### WHAT THIS TASK INVOLVES
Copy exactly the lines from the beginning of the data down to and including the line holding "Bridal Collection (Come", without any pictures.

### SOURCE DATA
━━━

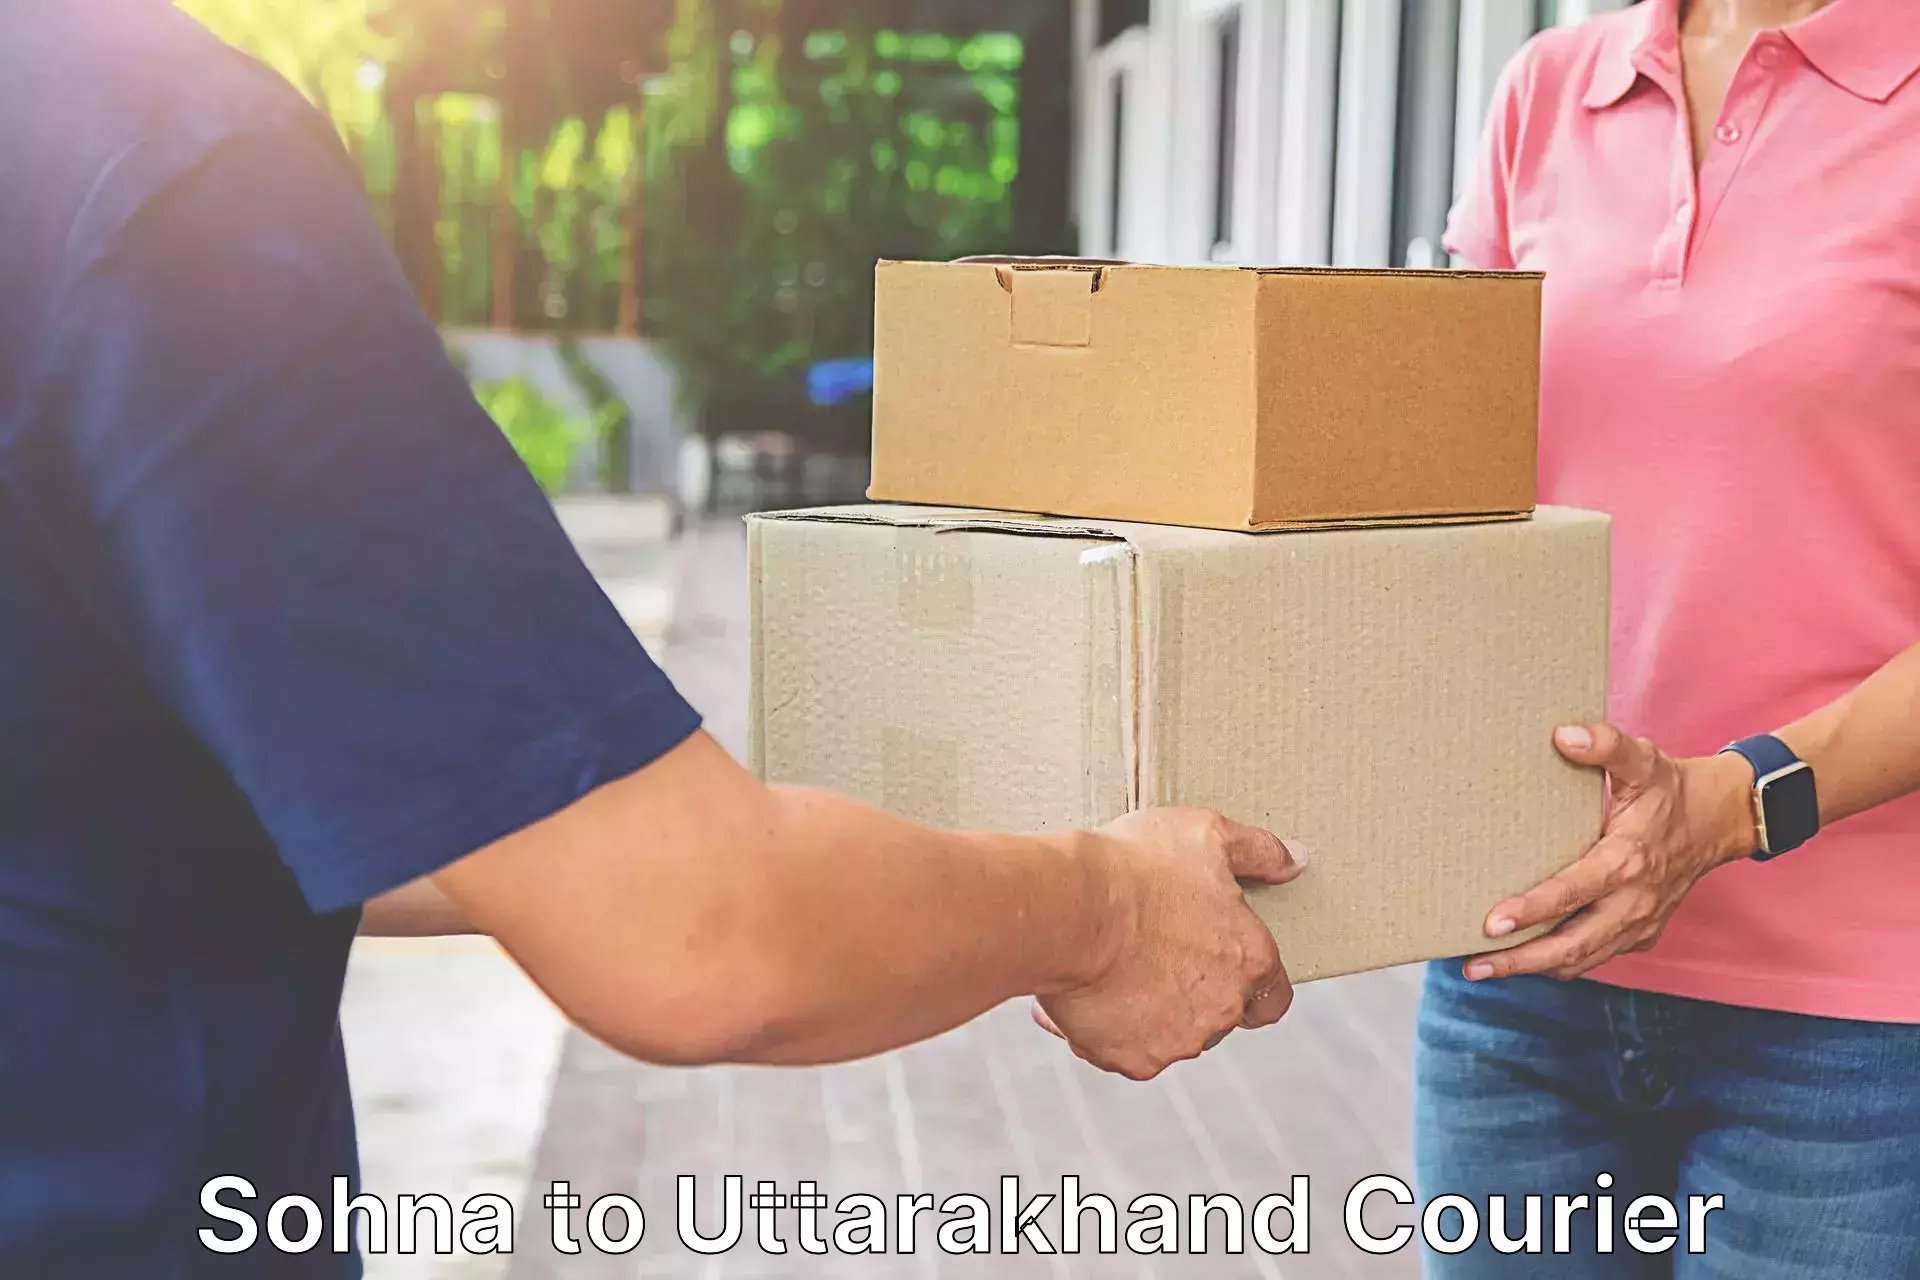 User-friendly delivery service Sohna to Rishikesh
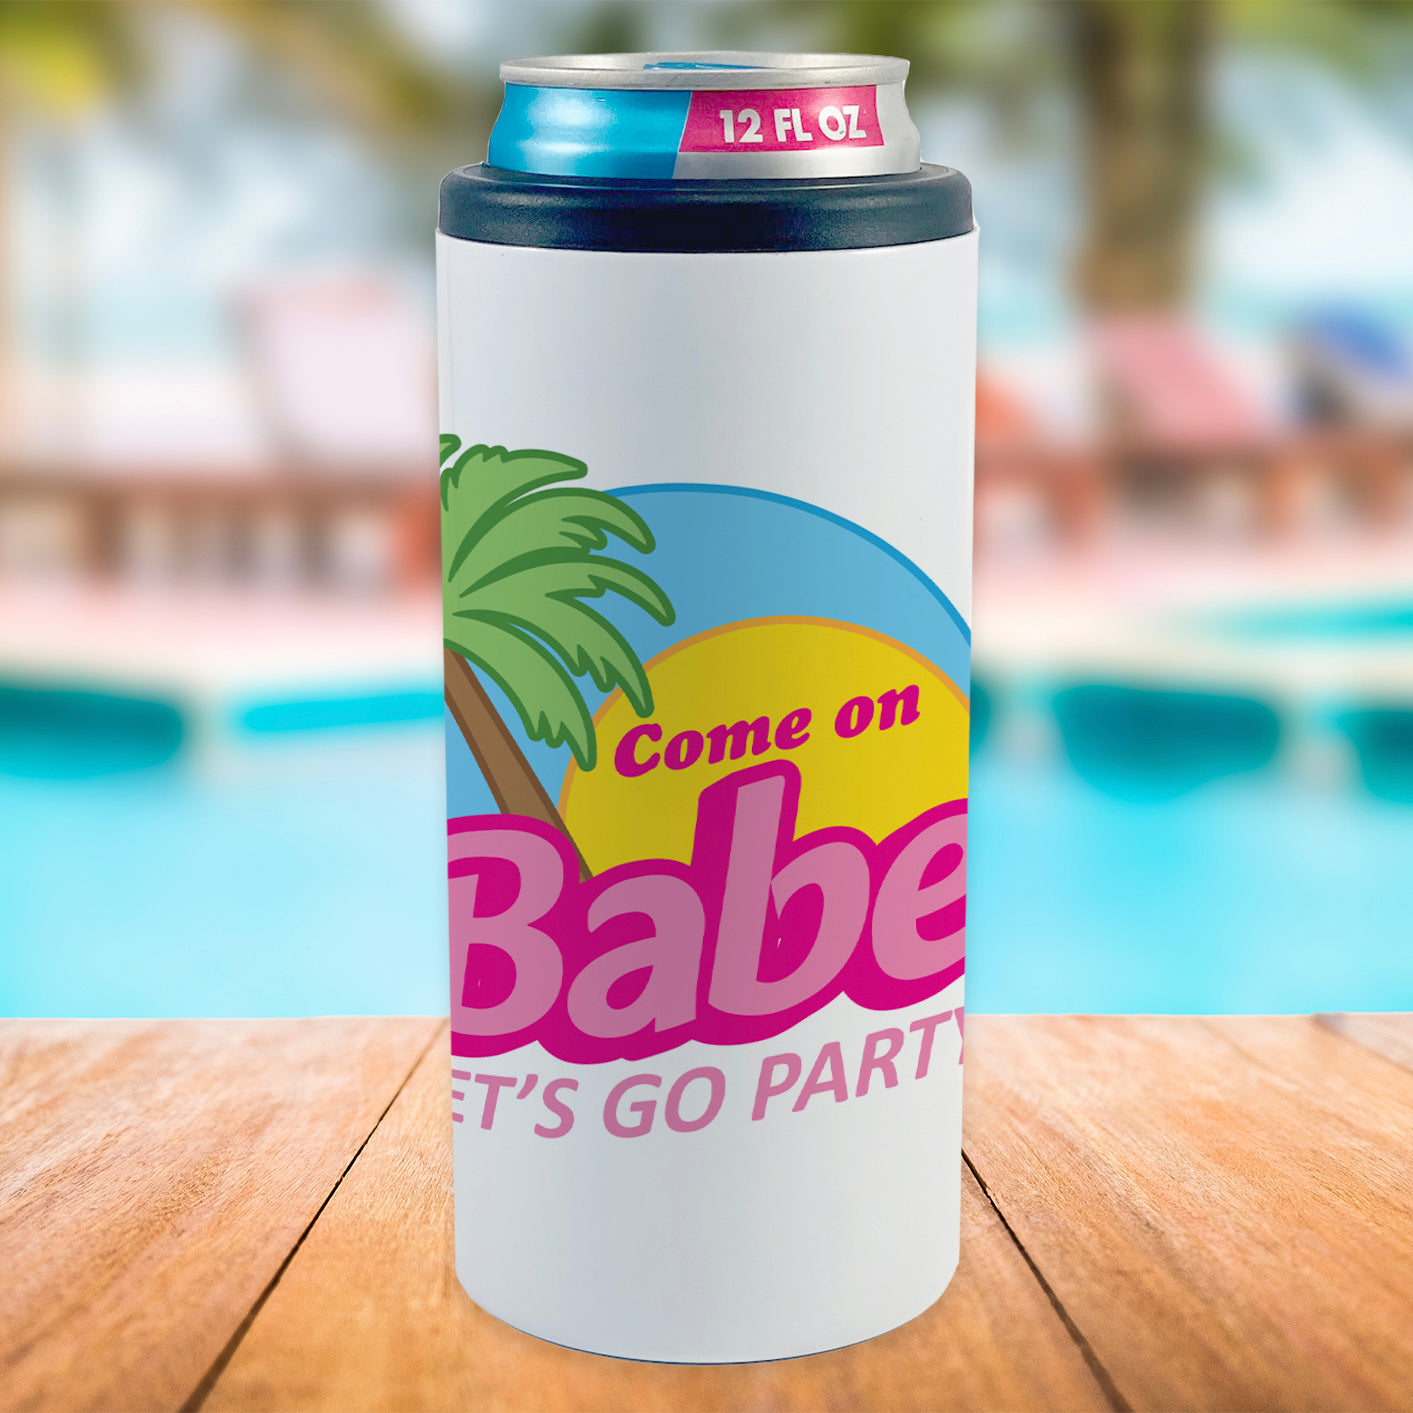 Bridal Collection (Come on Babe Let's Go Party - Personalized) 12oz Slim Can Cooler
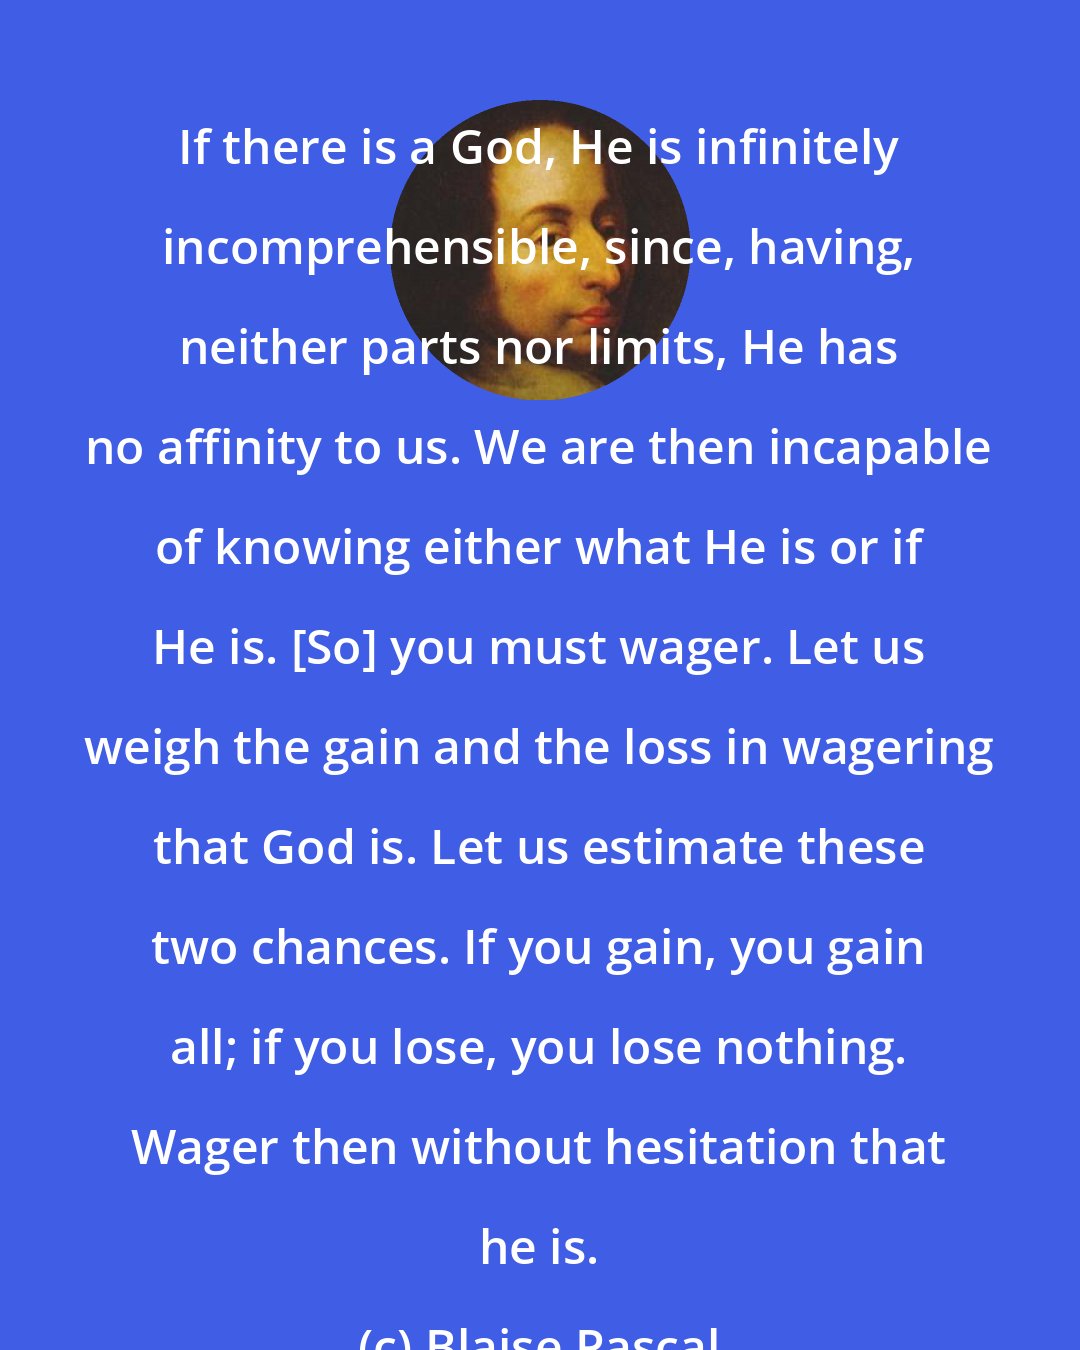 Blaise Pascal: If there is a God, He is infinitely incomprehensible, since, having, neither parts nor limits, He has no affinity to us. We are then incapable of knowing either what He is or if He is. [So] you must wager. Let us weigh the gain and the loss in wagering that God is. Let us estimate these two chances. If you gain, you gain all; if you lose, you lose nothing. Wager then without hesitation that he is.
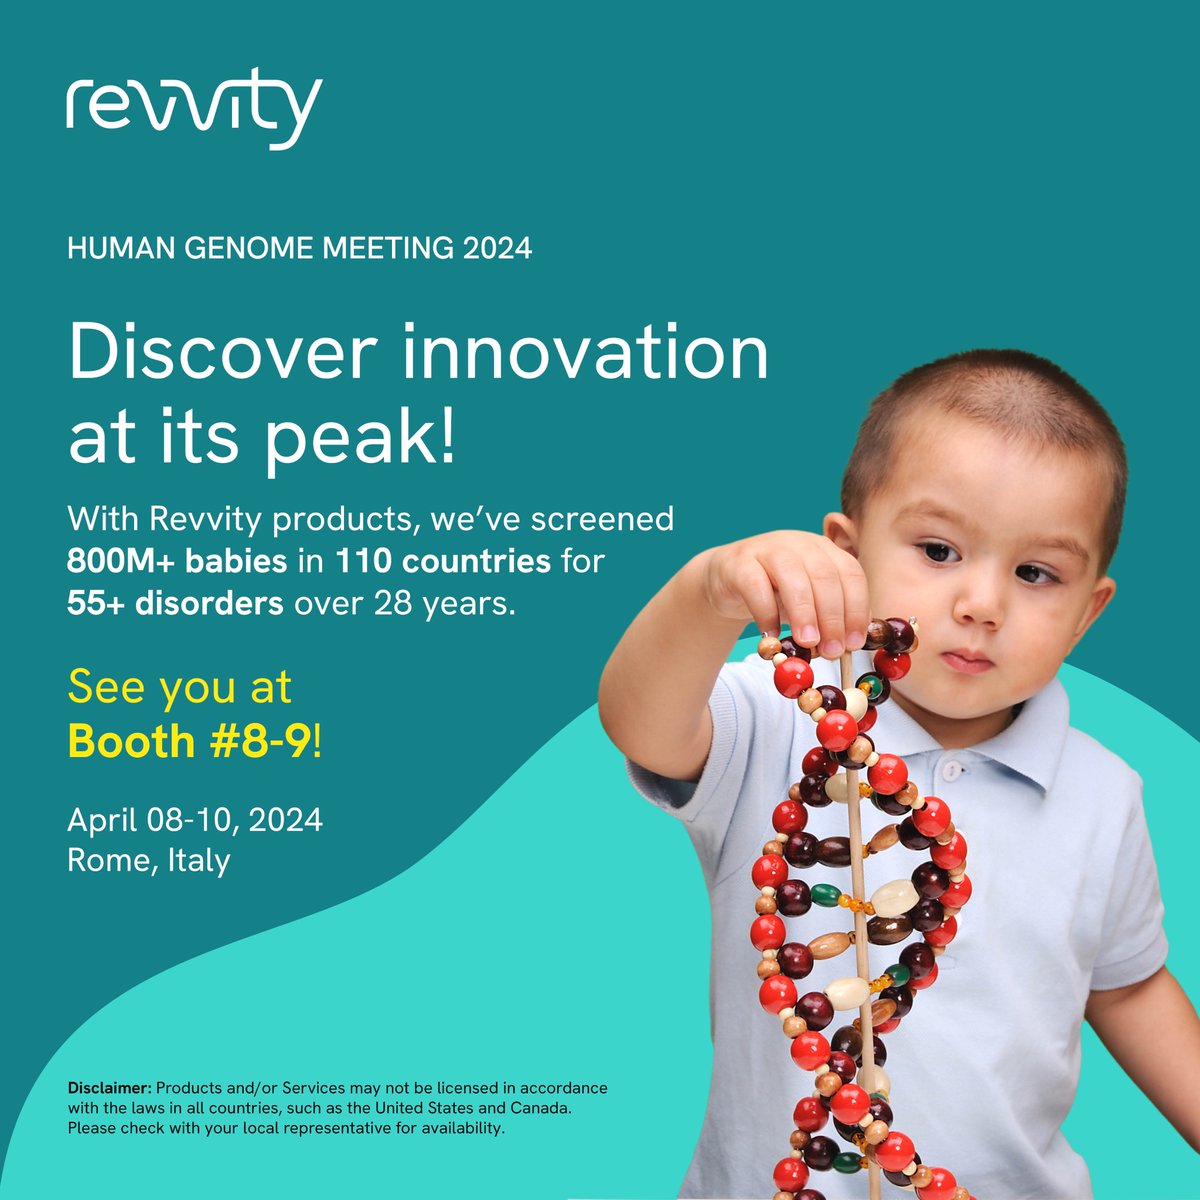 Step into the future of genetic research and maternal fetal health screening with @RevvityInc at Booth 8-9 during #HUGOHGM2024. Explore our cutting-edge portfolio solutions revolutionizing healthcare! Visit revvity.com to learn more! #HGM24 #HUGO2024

━━━

### RESPONSE BOX
 User-friendly delivery service Sohna to Rishikesh
 Bridal Collection (Come on Babe Let's Go Party - Personalized) 12oz Slim Can Cooler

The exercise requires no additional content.